Some say this is the line height, i.e. what is below the lower end of an 'a'
and the lower end of an 'a' that is directly below it, thus it includes line spacing.
This is the modern meaning that software goes with.
Don't use this term, it is mis-leading :-)
Recipes
This is how you can get a font's geometry.
Mind that with font.getStringWidth(string)
you can measure all kinds of strings except those that contain newlines.

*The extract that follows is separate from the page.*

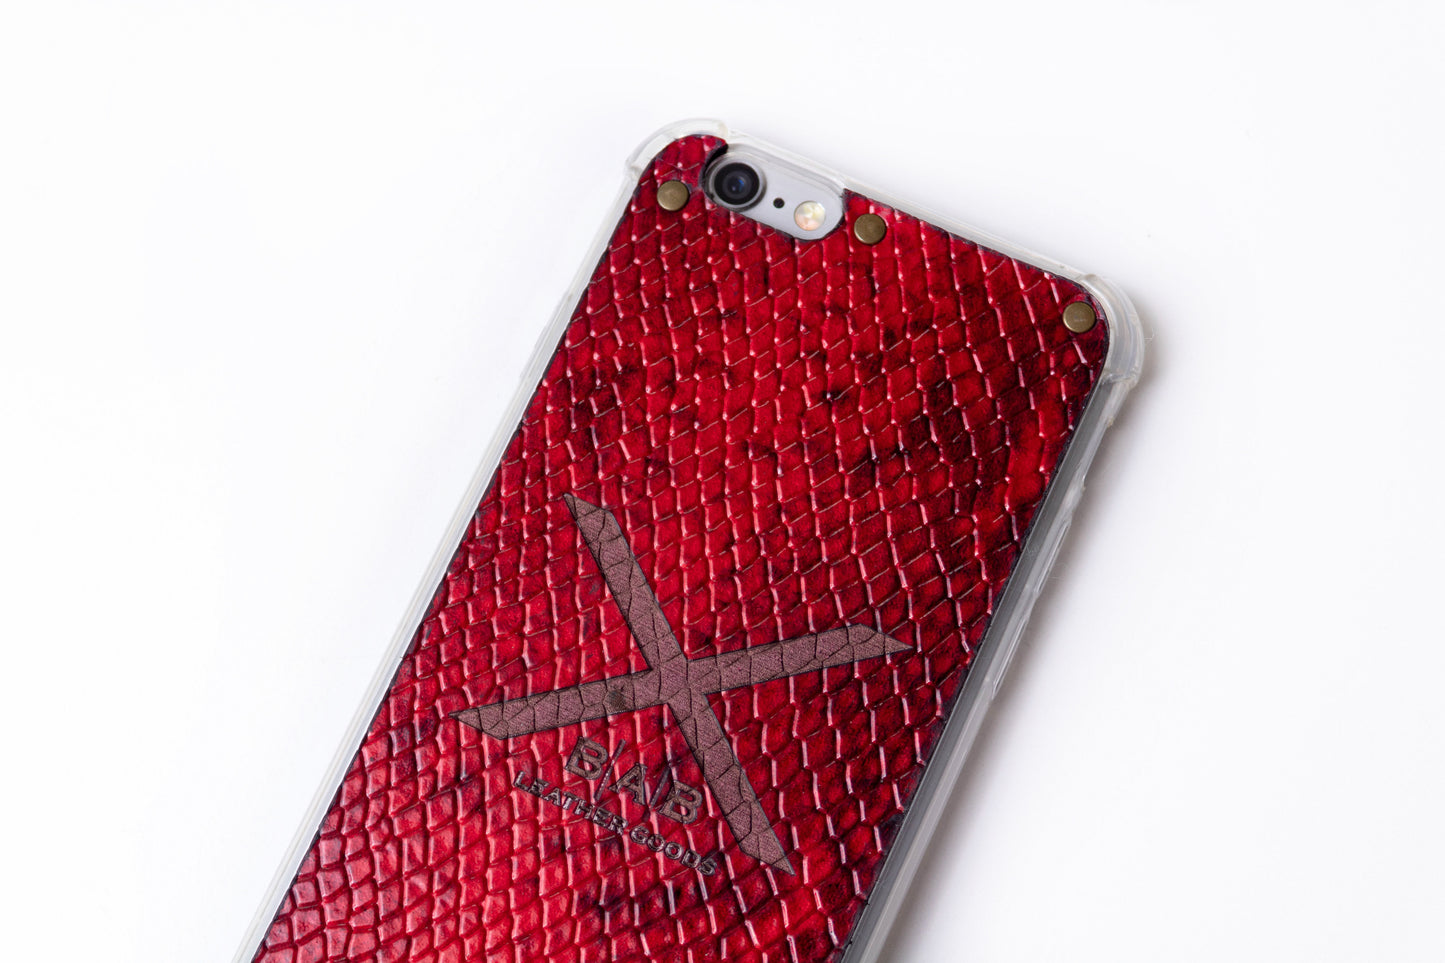 Coque pour iPhone en Cuir Véritable Verni Python Rouge Texturé, découpée et gravée au laser, 5 Rivets en Bronze.- F36

final PDFont font = PDType1Font.HELVETICA;
final float fontSize = 10;
final float ascent = fontSize * font.getFontDescriptor().getAscent() / 1000f;
final float descent = fontSize * -font.getFontDescriptor().getDescent() / 1000f;
// standard line height is 150% of font height
final float lineHeight = (ascent + descent) * 1.5f; // also called "leading" sometimes
The descent
is the part that hangs down from the text baseline for 'g', 'y', 'p', 'j', 'q'.

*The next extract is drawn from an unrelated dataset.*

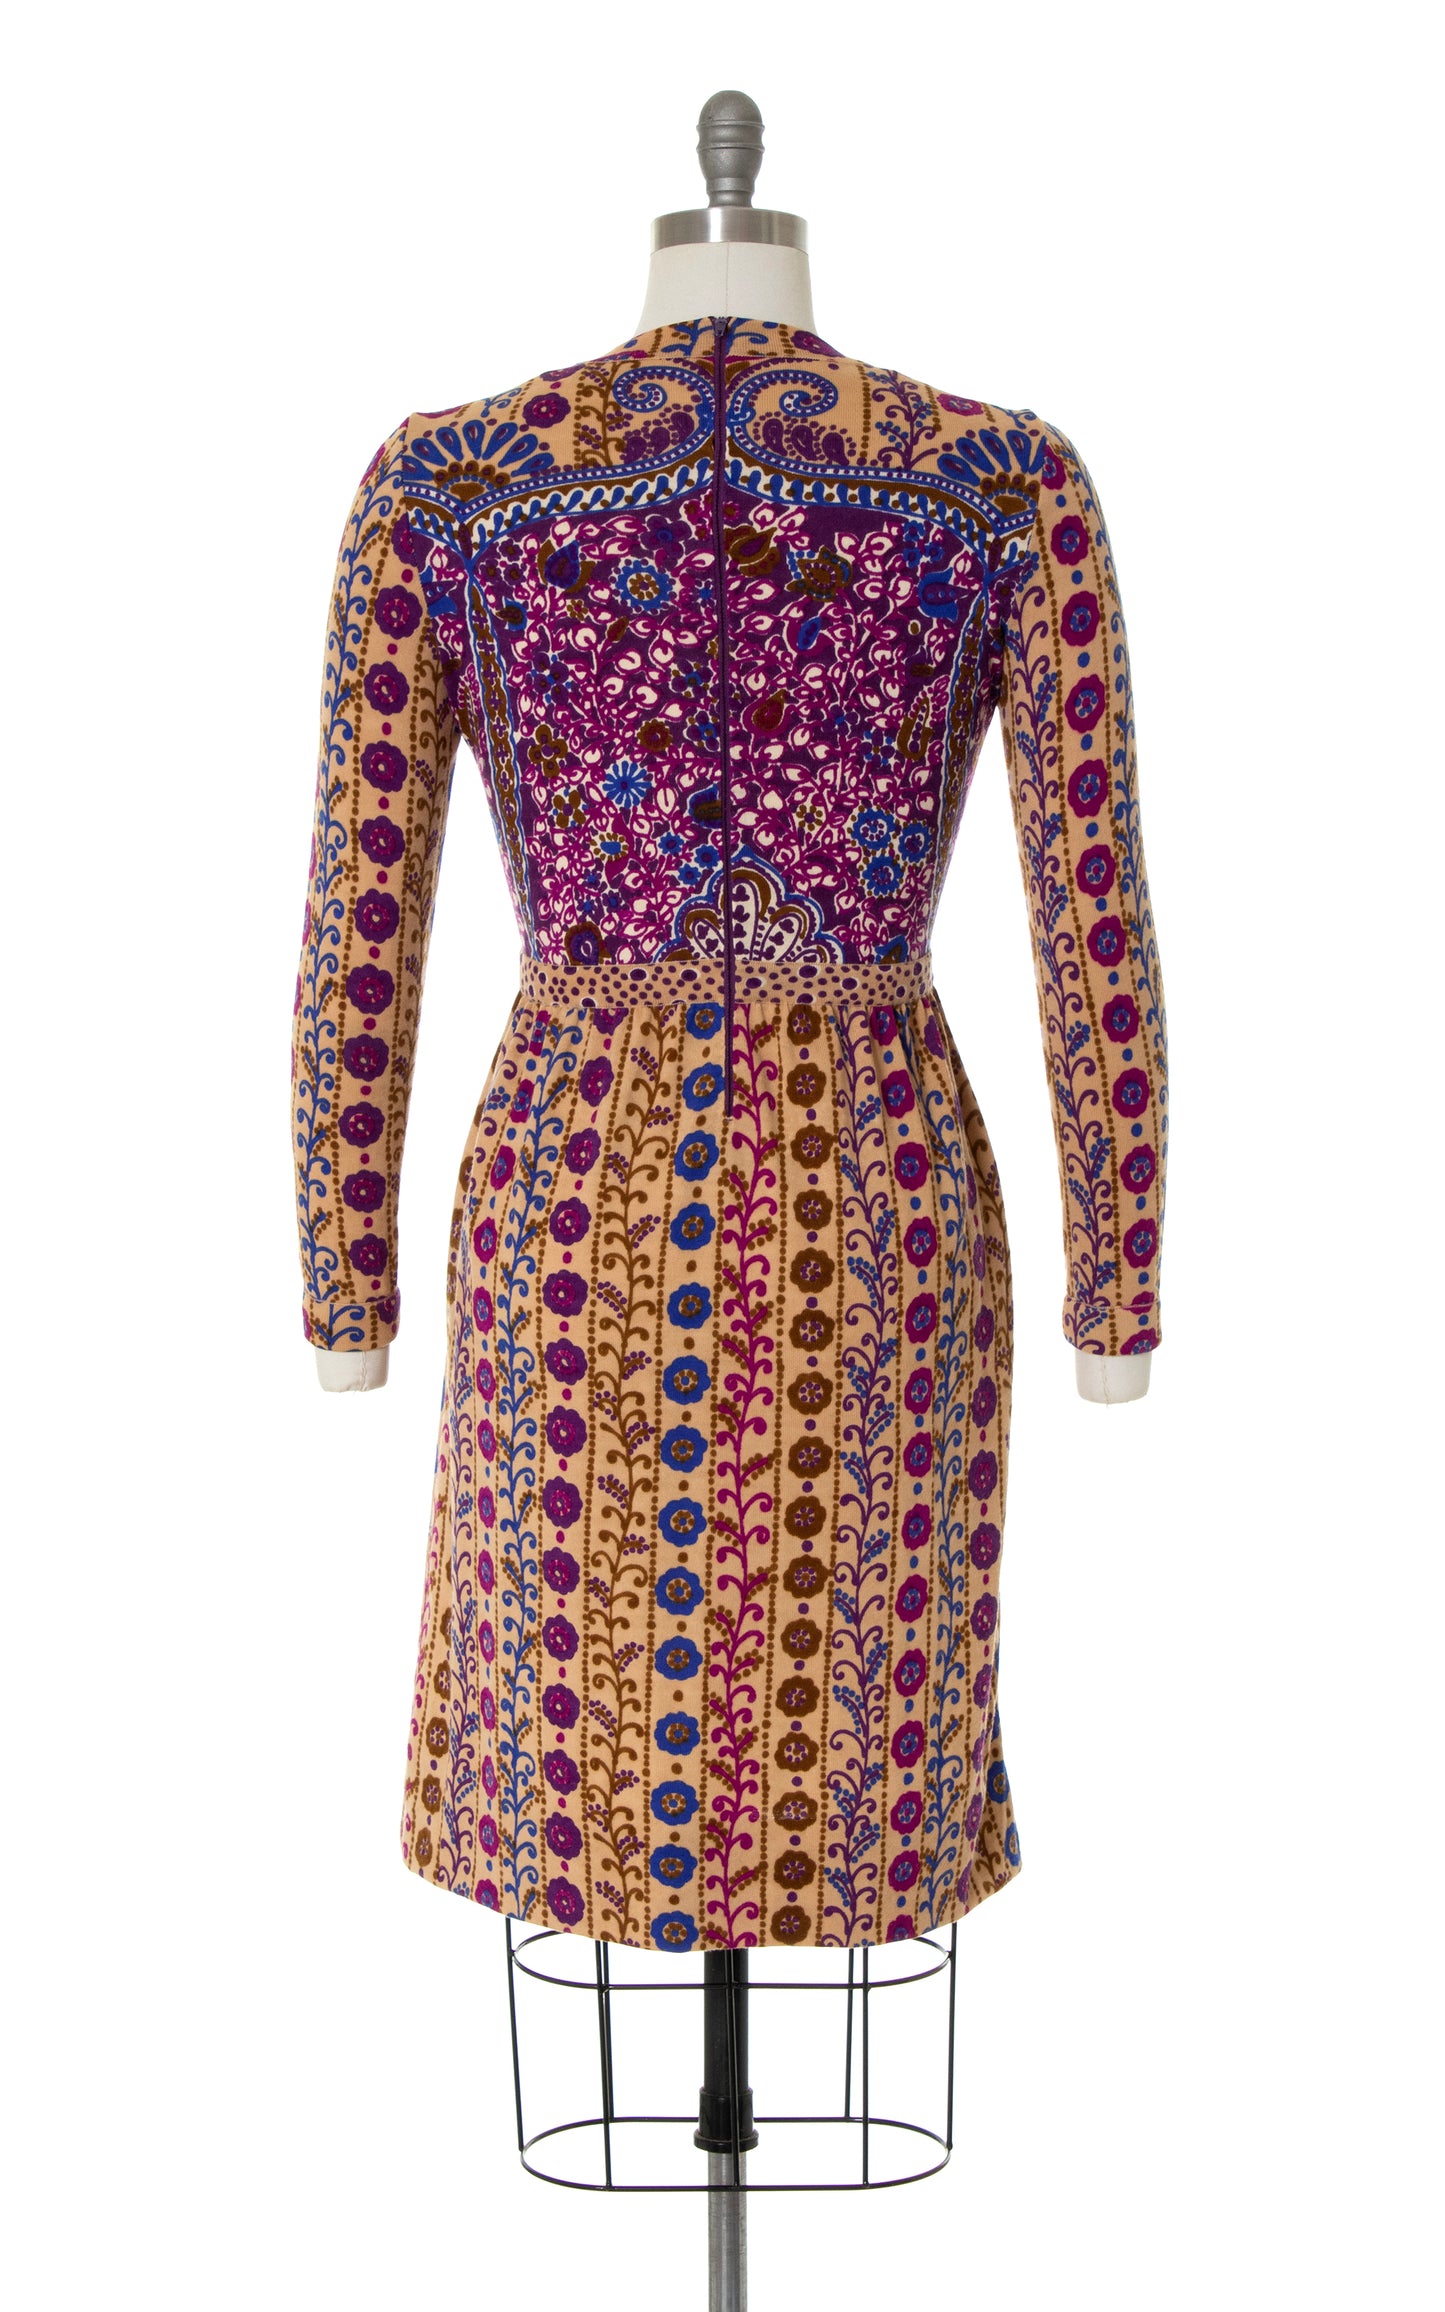 1960s GOLDWORM Knit Merino Wool Dress | small/medium

Don't forget to subtract it after a text block, else these letters may be partially covered when being on last line.
Following is the way to get a PDPageContentStream
to write text or draw lines:
final PDDocument document = new PDDocument();
final PDRectangle pageSize = PDRectangle.A4;
final PDPage page = new PDPage(pageSize);
document.addPage(page);
final PDPageContentStream contentStream = new PDPageContentStream(document, page);
Here is how to find out the page geometry:
final PDRectangle pageBox = page.getMediaBox();
final float width = pageBox.getWidth();
final float height = pageBox.getHeight();
final float startX = pageBox.getLowerLeftX();
final float startY = pageBox.getUpperRightY();
When you advance from startY
at top of page towards bottom,
you need to subtract the line height, not add it: nextY = currentY - lineHeigth
!
Resume
Lots of work to do with PDFBox.
Hard parts are pagination (text across multiple pages) and tables, and the combination of the two.